Когда Мшагу Маленький двинулся к воротам, Мшагу Большой последовал за ним. Он был сыт, хорошо выпил, и, как сказал бы Маленький, море ему сейчас было по колено. Посреди двора их нагнал гость из Сухума.

— Если можно, я хочу попросить вас... только не обижайтесь... — видно было, что он говорит искренне. Возьмите пока посох, как сейчас пойдёте без него домой? Я приду за ним, если хотите, я ещё побуду здесь, в селе...

Мшагу Маленький теперь только заметил, что сухумец очень молод; потом он долго смотрел на посох, глаз не мог оторвать от своего верного друга. «Шишкинтыпла...» — позвало что-то в его душе. И он понял, что нель­зя ему больше думать об этом ...

— Что ты говоришь, как можно, сынок, — бодрясь, возразил Мшагу Маленький. — Видно, не знаешь меня хорошо, а то не предложил бы такого. Я не из тех, кто, разок сплюнув, разыскивает после свой плевок. Говорят, что, отдавая лошадь новому владельцу, следует сказать о её норове, — но опять поглядел на свой посох. — Ему не понравится, если оставишь, бросишь его без присмотра, как простую палку, без внимания. Если сейчас не нужен, поставь в удобном месте, чтобы рука сразу нашла. Самое лучшее, если каждый день хоть разок прогуляешься с ним по земле, чтобы чувствовал он её. И наконечник тогда не будет ржаветь... — Рукой, которая казалась ему без посоха невесомой, отмершей, он взял своего лучшего друга, последний раз стиснул его рукоять, потом воткнул посох в землю и сказал: — Да послужит он тебе славно!

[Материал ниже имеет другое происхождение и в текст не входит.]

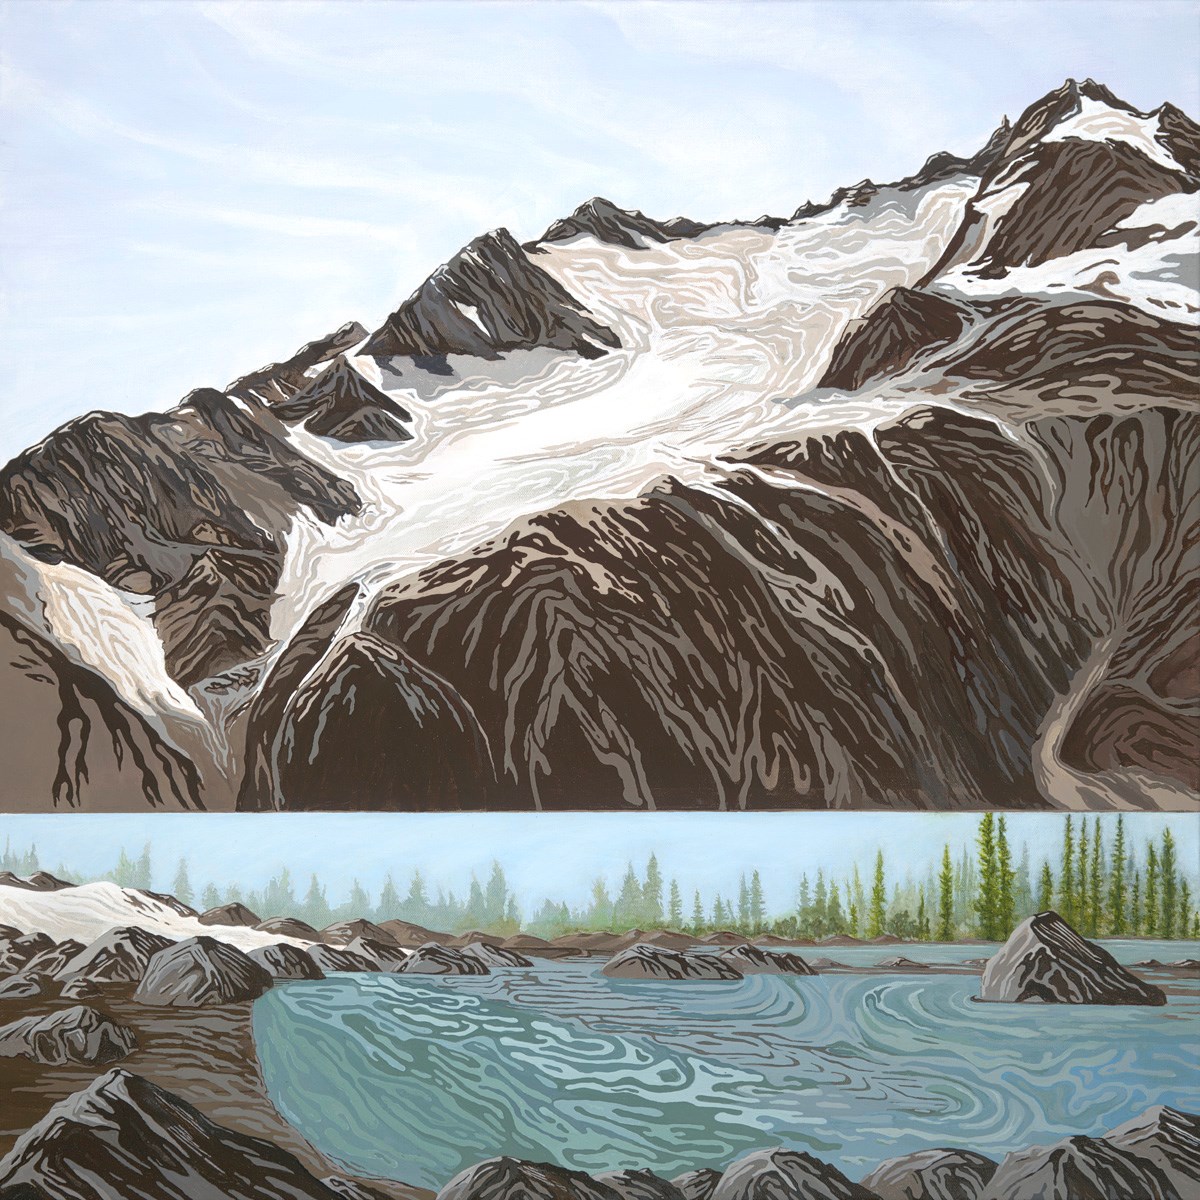 A painting of a mountain glacier with contour-like lines and shading. The bottom third of the painting shows a mountain lake with trees along the shore, and a small snowfield melting into the lake.

5. КОГДА МИР ОКУТАЛА ТЬМА. Когда во дворе жителя планеты Земля Кяукиаса в ветвях тутового дерева, под которым стоял ещё стол, зажглись мощные электрические лампочки (глядите, глядите, другие деревья, и на мне висят звёзды!), голова Бывшего лежала на столе и доносился его храп. Сын Кяукиаса тоже изрядно уже захмелел и, напевая, уносил со стола грязную посуду. Нараспев повторял одни и те же слова:

Грохот на этой стороне,

Грохот на той стороне...

Вот добрался до последнего блюда, где лежали обглоданные кости, по соседству с головой спящего тамады. Бывшего...

— Пусть спит. Проспится, сам сможет приподнять голову.

Собрав последние тарелки, сын Кяукиаса отправился к амацурте, оттуда ещё доносился сладкий запах дыма. По дороге он напевал:

Грохот на этой стороне -

Бум-гррумм!

Грохот на той стороне -

Гррумм-бум!

В это же время, покинув гостеприимный двор Кяукиаса, шли всё по той же планете Земля вволю потоптавшие её дороги, хорошие ли, плохие ли, но считавшиеся её сыновьями Мшагу Большой и Мшагу Маленький. И тот и другой были почти без сил, ноги подкашивались от усталости, выпитое тяжелило головы, даже языки ворочались с трудом, едва-едва... будто змеи с перебитыми хребтами.

Мшагу Маленький сейчас, как ни странно, не прочь был бы и поесть, и выпить. Есть ему вообще-то хотелось обычно даже чаще, чем положено. Но он не позволял себе переедать, знал меру. Он считал, что человек, не знаю­щий меры в насыщении, плохой заступник правды. Многим приходится жертвовать, если решил быть стражем и защитником справедливости. Что уж поделаешь, такое это занятие... требует жертв. Есть, конечно, другие занятия, которые многое приносят избравшим их, но это, правда-справедливость, требует всё отдать ему, до конца.

Да и Мшагу Большой, хоть и мог в десять раз больше Маленького съесть и выпить, не злоупотреблял ни едой, ни выпивкой. Потому что его занятие тоже требовало трезвости. Правда, сегодня вот оба незаметно перешагнули привычную свою меру. Если сначала Мшагу Маленький, подарив посох этнографу, сам себе казался пушинкой, то теперь он налился тяжестью, как чугунный утюг. Брезгливо держал в руке — опирался на ореховую палку; мастер заготавливал такие для днища своих корзин. А душа ныла, вспоминая верного друга, посох Шишкинтыпла.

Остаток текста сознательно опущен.